Metadata-Version: 2.1
Name: evaengine
Version: 0.1.2
Summary: A powerful tweet evaluation engine using advanced LLM models
Home-page: https://github.com/chromindscan/eva-ui
Author: Chromia
Author-email: prem.kumar@chromaway.com
Project-URL: Documentation, https://api.evaengine.ai/docs
Classifier: Programming Language :: Python :: 3
Classifier: License :: OSI Approved :: MIT License
Classifier: Operating System :: OS Independent
Requires-Python: >=3.7
Description-Content-Type: text/markdown
License-File: LICENSE
Requires-Dist: pydantic>=2.0.0
Requires-Dist: aiohttp>=3.8.0
Requires-Dist: python-dotenv>=0.19.0
Provides-Extra: dev
Requires-Dist: pytest>=7.0.0; extra == "dev"
Requires-Dist: pytest-asyncio>=0.21.0; extra == "dev"
Requires-Dist: pytest-cov>=4.1.0; extra == "dev"
Requires-Dist: black>=23.0.0; extra == "dev"
Requires-Dist: isort>=5.12.0; extra == "dev"
Requires-Dist: mypy>=1.0.0; extra == "dev"

# EvaEngine SDK
[![Python 3.7+](https://img.shields.io/badge/python-3.7+-blue.svg)](https://www.python.org/downloads/)
[![PyPI version](https://badge.fury.io/py/evaengine.svg)](https://badge.fury.io/py/evaengine)
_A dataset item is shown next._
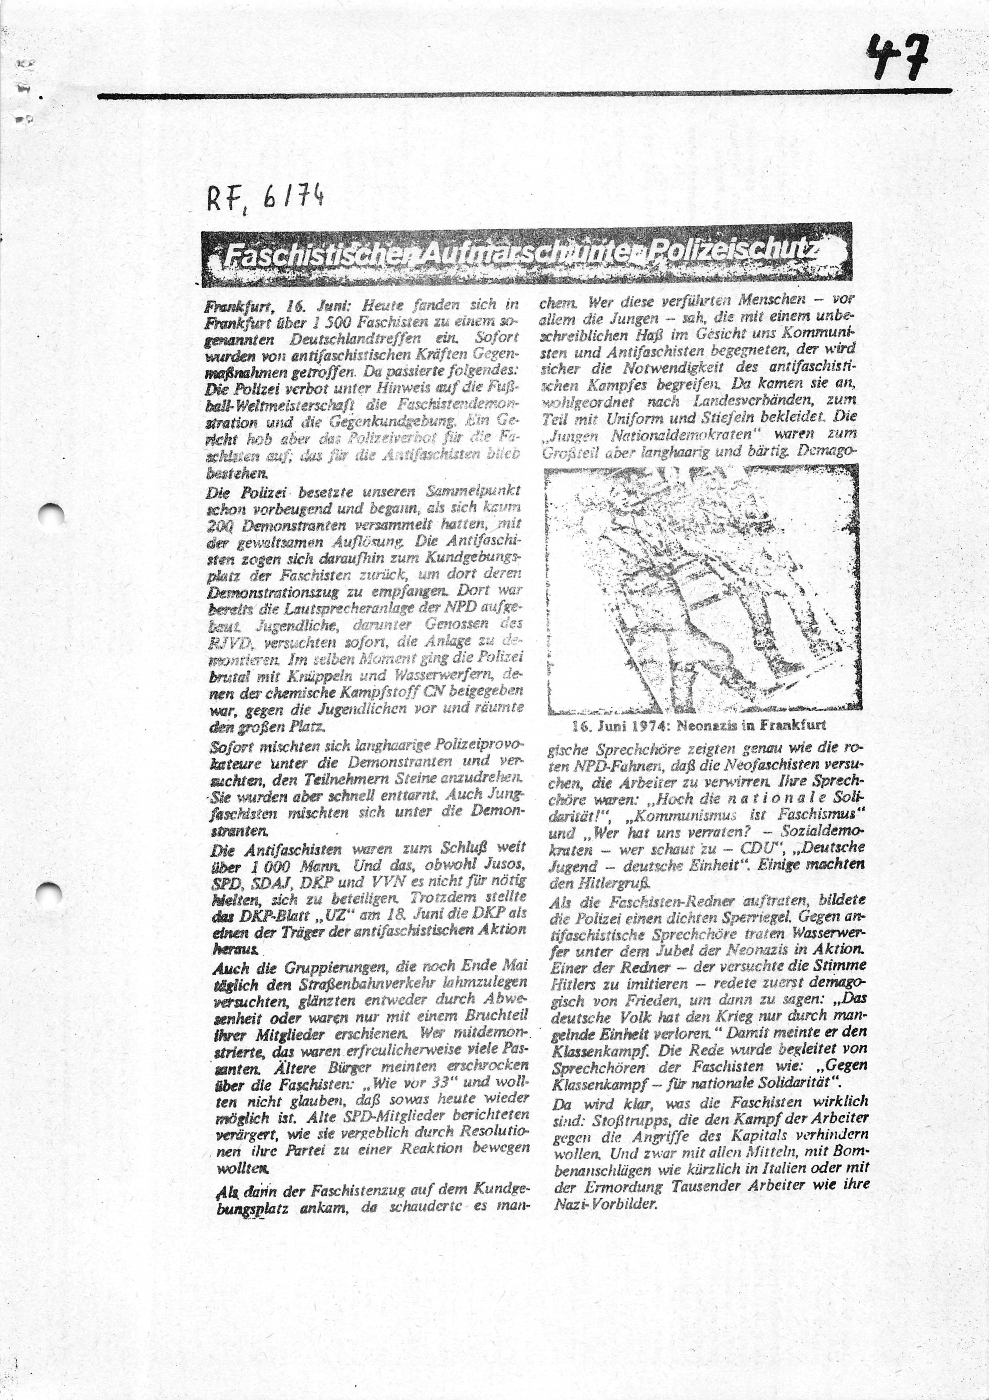 KABRW_Arbeitshefte_1977_25_046

A Python SDK for evaluating and generating tweet responses using EvaEngine's AI-powered API. This SDK provides easy access to tweet evaluation metrics, virtual scoring, and AI-generated response suggestions.

## Features

- 🔍 Comprehensive tweet evaluation
- 🎯 Virtual scoring system
- 💡 AI-powered response suggestions
- 📊 Detailed scoring metrics
- ⚡ Async/await support
- 🔒 Type-safe with Pydantic models

## Installation

```bash
pip install evaengine
```

## Quick Start

```python
import asyncio
from evaengine import EvaEngine

async def main():
    # Initialize with your API key
    engine = EvaEngine(api_key="your-api-key")
    
    async with engine:
        # Evaluate a tweet response
        result = await engine.evaluate_tweet(
            input_tweet="What's your favorite programming language?",
            output_tweet="Python is amazing for its simplicity and readability!"
        )
        
        print(f"Final Score: {result.final_score}")
        print(f"Truth Score: {result.truth.score}")
        print(f"Truth Rationale: {result.truth.rationale}")

if __name__ == "__main__":
    asyncio.run(main())
```

## API Reference

### Initialize Client

```python
from evaengine import EvaEngine

# Using API key directly
engine = EvaEngine(api_key="your-api-key")

# Using environment variable
from dotenv import load_dotenv
import os

load_dotenv()
engine = EvaEngine(api_key=os.getenv("X_API_KEY"))
```

### Evaluate Tweet

Evaluate a tweet response against an original tweet:

```python
result = await engine.evaluate_tweet(
    input_tweet="What's your favorite programming language?",
    output_tweet="Python is amazing for its simplicity and readability!"
)

print(f"Final Score: {result.final_score}")
print(f"Truth Score: {result.truth.score}")
print(f"Accuracy Score: {result.accuracy.score}")
print(f"Creativity Score: {result.creativity.score}")
print(f"Engagement Score: {result.engagement.score}")
```

### Get Historical Scores

Retrieve historical evaluation scores:

```python
scores = await engine.get_scores()
```

### Get AI-Suggested Response

Generate an AI-powered response suggestion:

```python
suggestion = await engine.get_suggested_tweet(
    input_tweet="Just launched my new AI project!"
)
print(f"Suggested Response: {suggestion}")
```


## Environment Variables

You can set your API key using an environment variable:

```bash
# .env file
X_API_KEY=your-api-key
```


## Requirements

- Python 3.7+
- aiohttp>=3.8.0
- pydantic>=2.0.0
- python-dotenv>=0.19.0

## Running Tests

```bash
pip install -r requirements-dev.txt
pytest
```

## Documentation

For more detailed documentation, visit [https://api.evaengine.ai/docs](https://api.evaengine.ai/docs)

## License

MIT License - see LICENSE file for details.